Only the lines from the one with "Boulle sewing box" through the end of the material are wanted, copied exactly and with the pictures left out.

Supplied material ::
━━━━━━━━━━━━━━━━
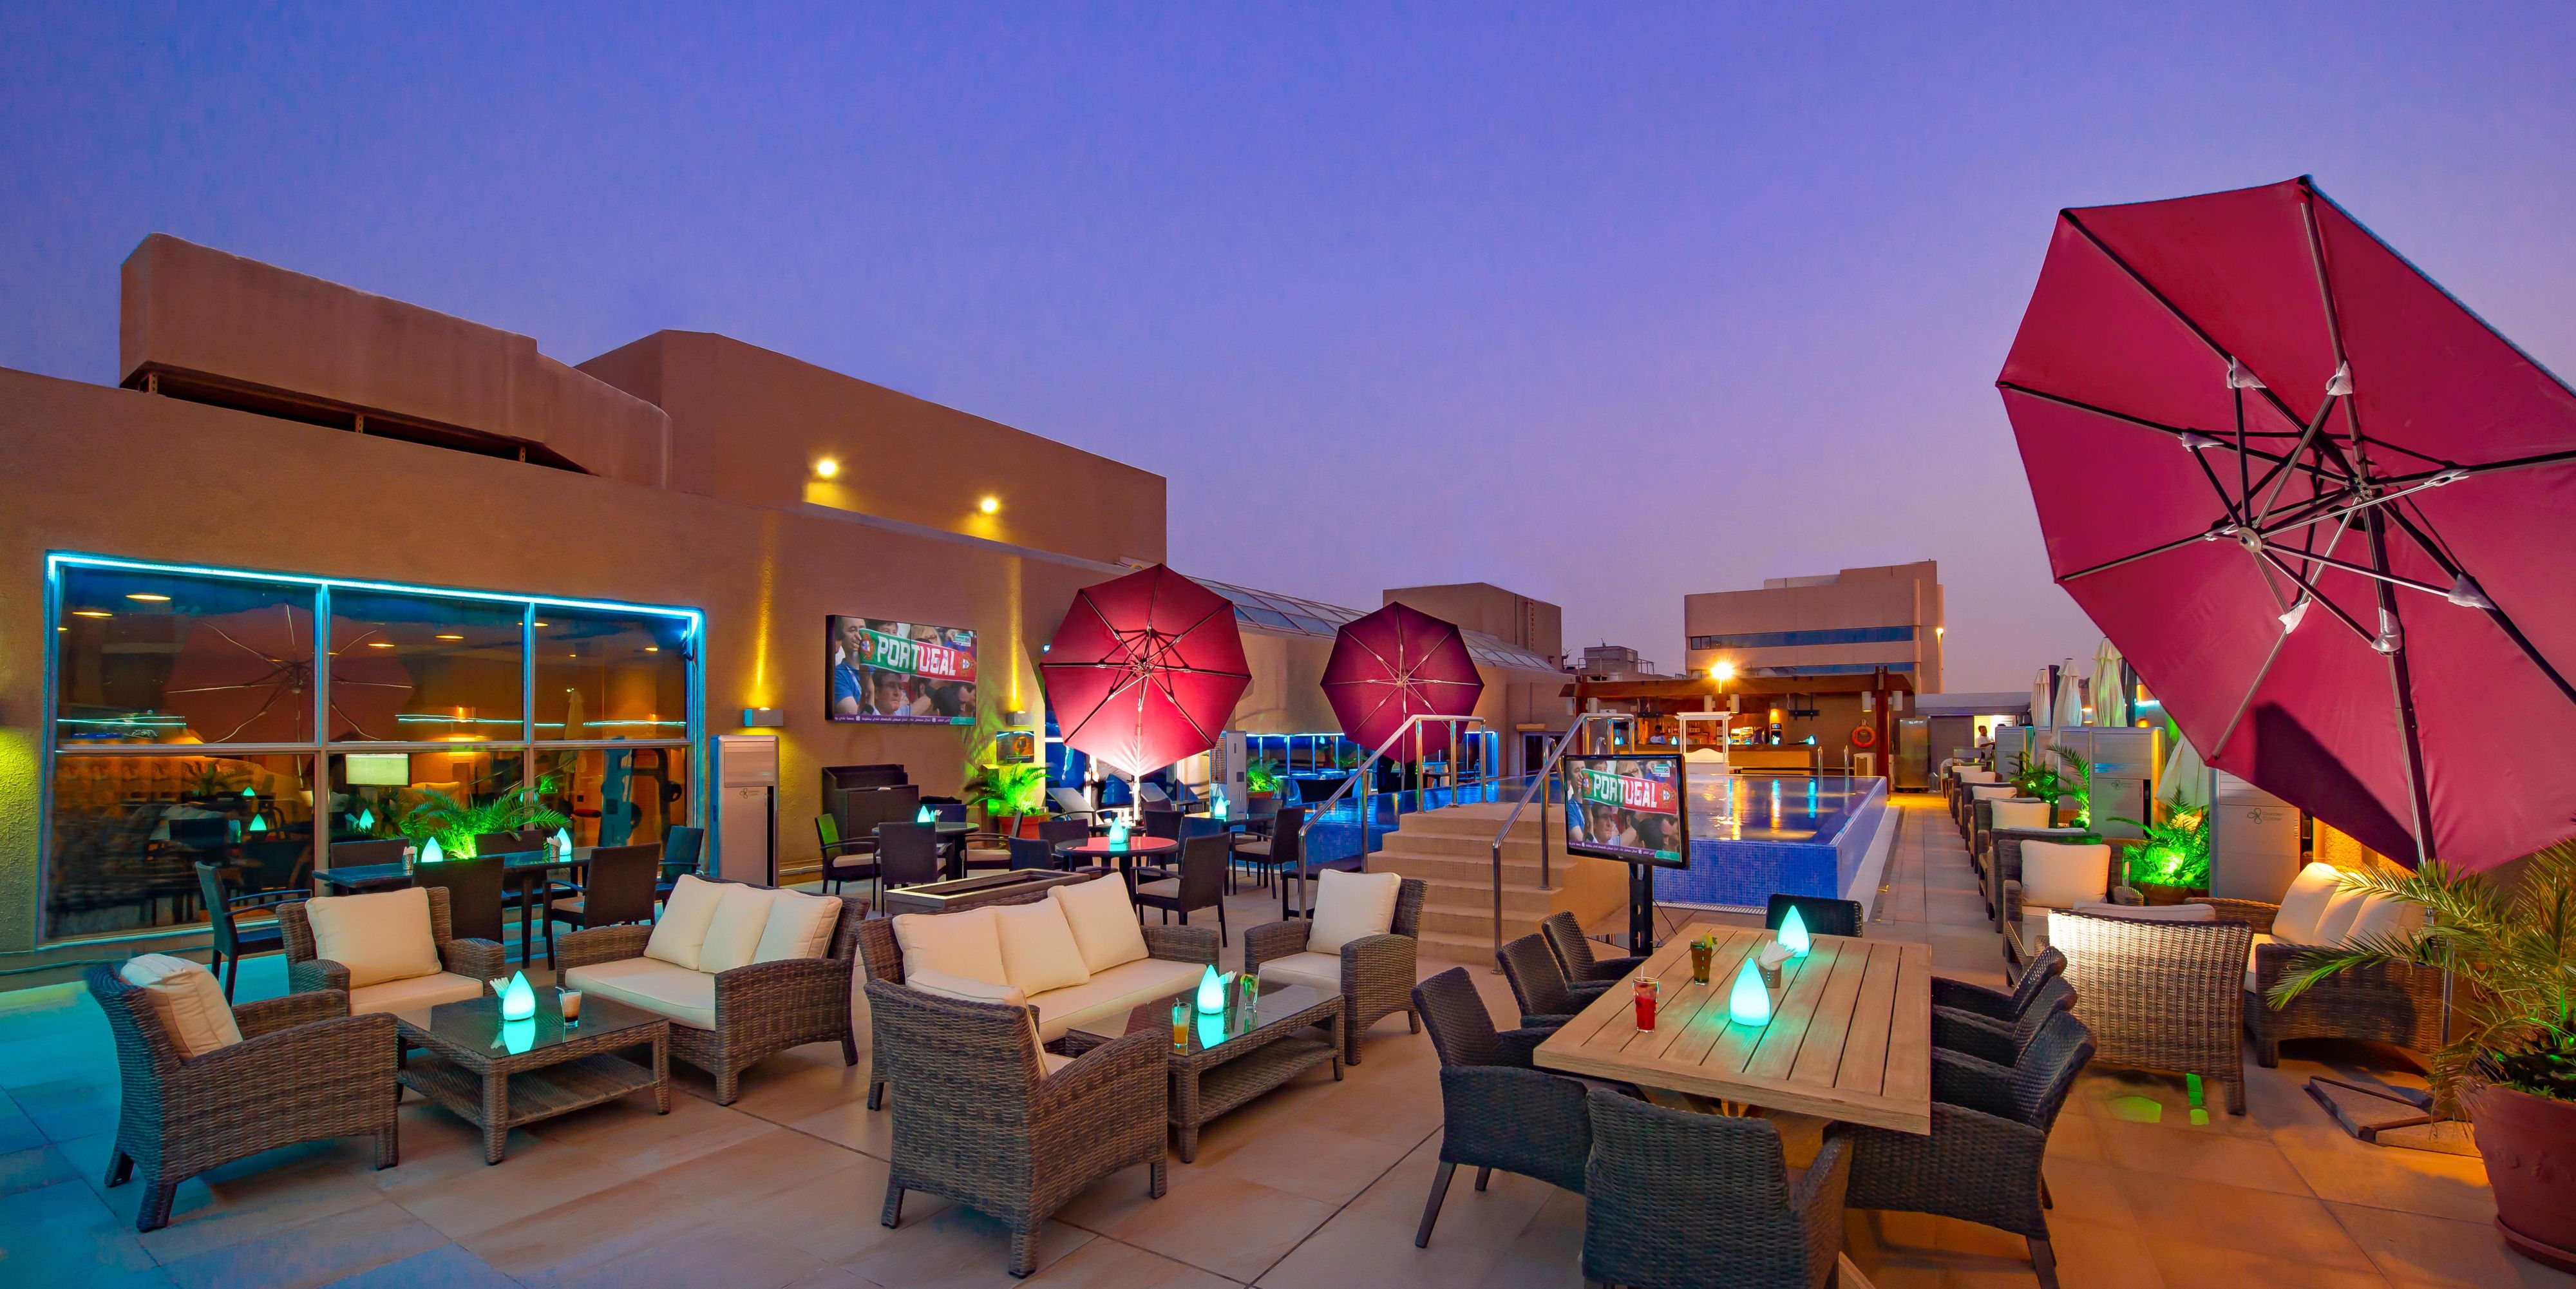 Experience our newly launched rooftop Shisha Lounge. Take advantage of this beautiful weather and sit by the pool or in the comfort and warmth of our indoor space with shisha while listening to the melodious tunes of the Duo band.
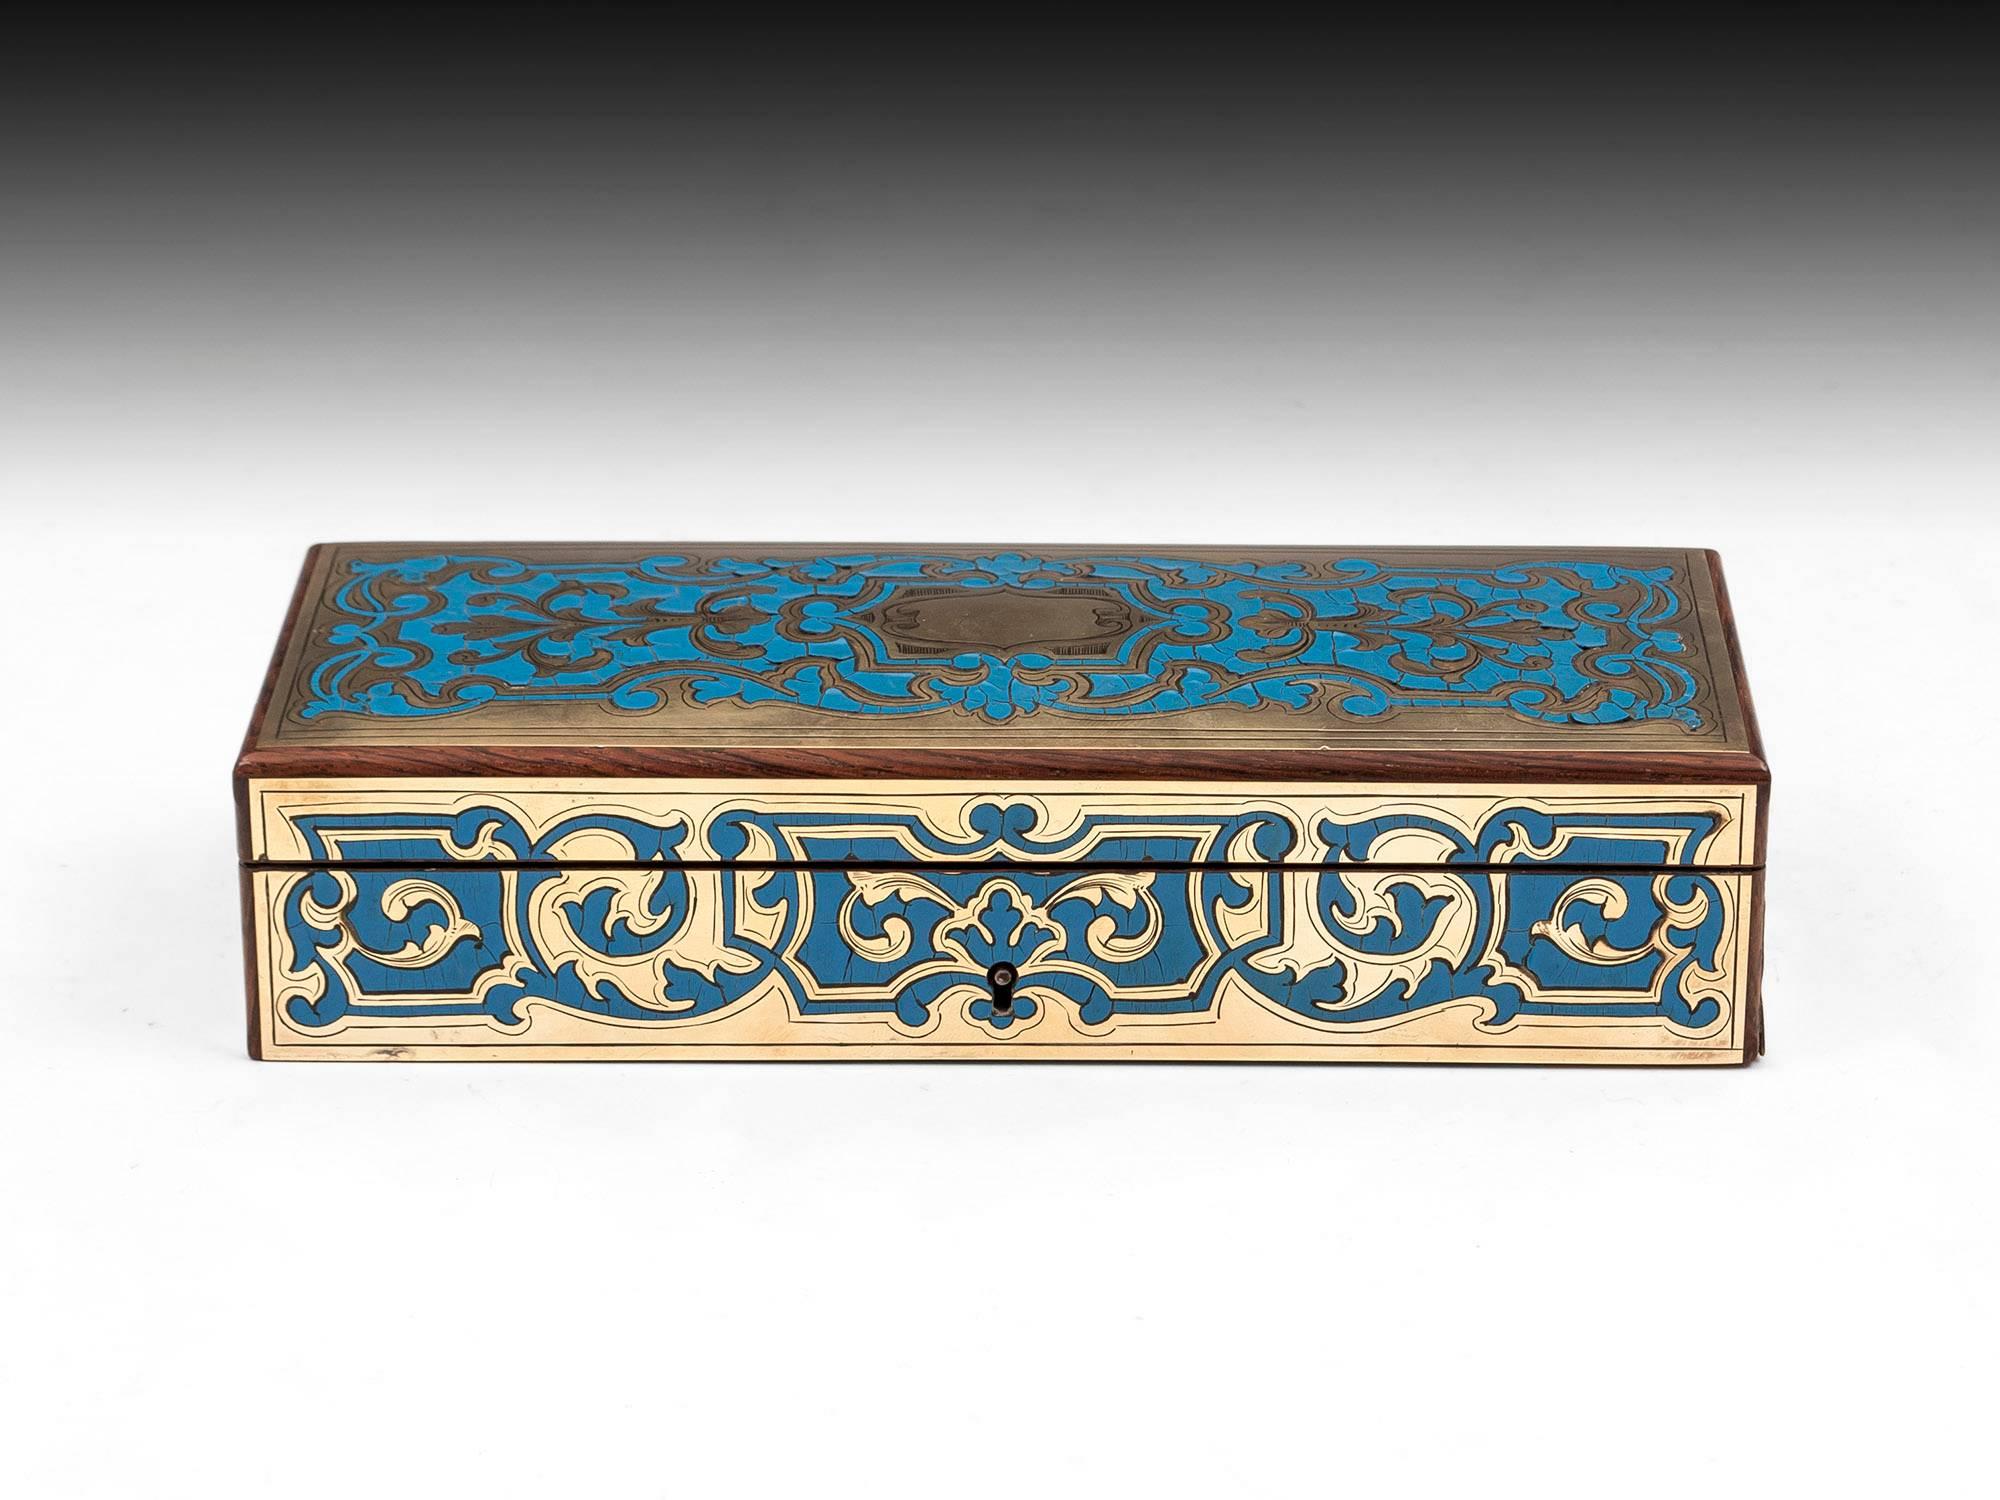 Boulle sewing box with beautiful engraved inlaid brass. With red silk paper and velvet lined interior with a removable tool tray fitted with various sewing tools with mother of pearl handles and elaborate engraving.

This exquisite eye-catching
━━━━━━━━━━━━━━━━
Answer to this exercise ::
 Boulle sewing box with beautiful engraved inlaid brass. With red silk paper and velvet lined interior with a removable tool tray fitted with various sewing tools with mother of pearl handles and elaborate engraving.

This exquisite eye-catching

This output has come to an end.